Casual Records of the Nenggai Studio
- Author: Wu Zeng
- Language: Chinese
- Published: 1157

= Casual Records of the Nenggai Studio =

The biji (literally "notebook") Nenggai zhai manlu (能改齋漫錄 / 能改斋漫录, pinyin Nénggǎi zhāi mànlù, variously rendered Loose Records from the Studio of Possible Change, Random Notes from Able-to-Change Studio, Casual Records of the Nenggai Studio, and Recollections of the Master of Nenggai) was written by Wu Zeng (吳曾 / 吴曾, fl. 1127–1160) during the Song Dynasty.
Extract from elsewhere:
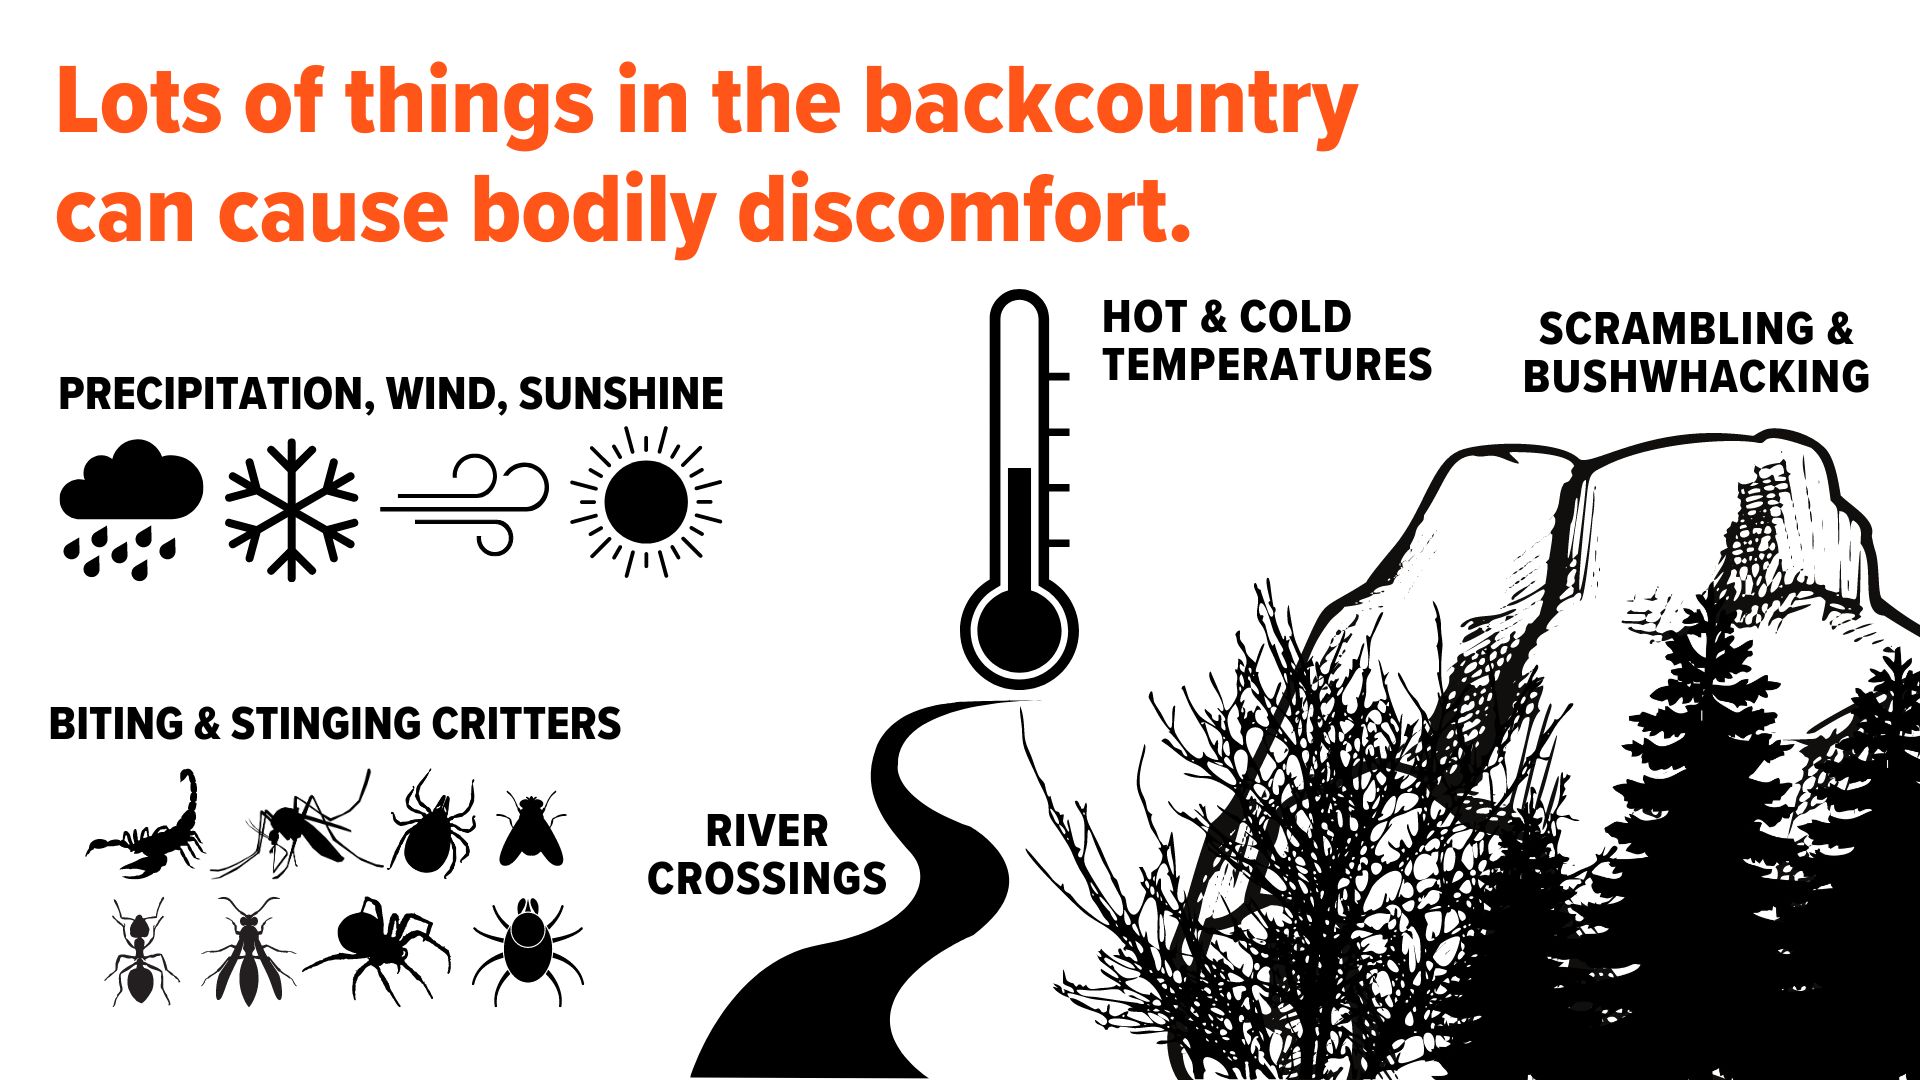 infographic showing factors that contribute to backcountry discomfort: precipitation, wind, sunshine, biting and stinging insects, hot and cold temperatures, scrambling, and bushwhacking

Wu Zeng was patronised by the politician Qin Hui () (1090–1155), and the text correspondingly often glorifies Qin Hui. Published in year twenty-seven of the Shaoxing (紹興) reign of the Southern Song (1157 CE), the work originally comprised around twenty booklets ().

==Contents==
The current edition comprises eighteen themed juan arranged in thirteen chapters; a humorous section (huīxié tánxuè ) has been lost. Many of the themes were conventional to notebooks of the time. They include:

- 1: The beginning of things (shìshǐ 事始), part 1
- 2: The beginning of things (shìshǐ 事始), part 2
- 3: Correction of errors (biànwù 辨誤 / 辨误), part 1
- 4: Correction of errors (biànwù 辨誤 / 辨误), part 2
- 5: Correction of errors (biànwù 辨誤 / 辨误), part 3
- 6: Events (shìshí 事實 / 事实), part 1
- 7: Events (shìshí 事實 / 事实), part 2
- 8: 沿襲
- 9: Geography (dìlǐ 地理), including geographical changes since antiquity
- 10: Discussions (yìlùn 議論 / 议论)
- 11: Records of poetry (jishi 記詩), situating poetry in its social contexts
- 12: 記事, part 1
- 13: 記事, part 2
- 14: Records and Writings, Similarities
- 15: Regional things (fangwu 方物), including the wonders of nature found in different places.
- 16: Yuefu poems (yuèfǔ 樂府 / 乐府), part 1
- 17: Yuefu poems (yuèfǔ 樂府 / 乐府), part 2
- 18: Spirits and ghosts (shenxian guiguai 神仙鬼怪), including supernatural wonders

The text often constitutes text-critical study and contains a great deal of literary material from the Tang and Song dynasties. It is also an important source for the history of Chinese eating and drinking culture, especially the Tang and Song dynasties, and of the Pearl Temple.

==Reception==
It appears that, perhaps because Wu Zeng fell into political disfavour, Casual Records of the Nenggai Studio fell out of print from the Yuan period (1279-1368), if not before. However, Ming period scholars (1368-1644) found texts of the work and it returned to circulation.

==Editions==
The work is included in many old book collections (congshu) and also in the book series on Chinese eating and drinking culture called Zhongguo pengren guji congkan.
- Wu, Zeng (1843). "Nenggai zhai manlu"
- A modern corrected and punctuated edition was published in 1979 by the Shanghai guji chubanshe (上海古籍出版社) publishing house, which contains collected passages from books from the Song and Yuan dynasties as well as from the encyclopedia Yongle dadian (永樂大典 / 永乐大典).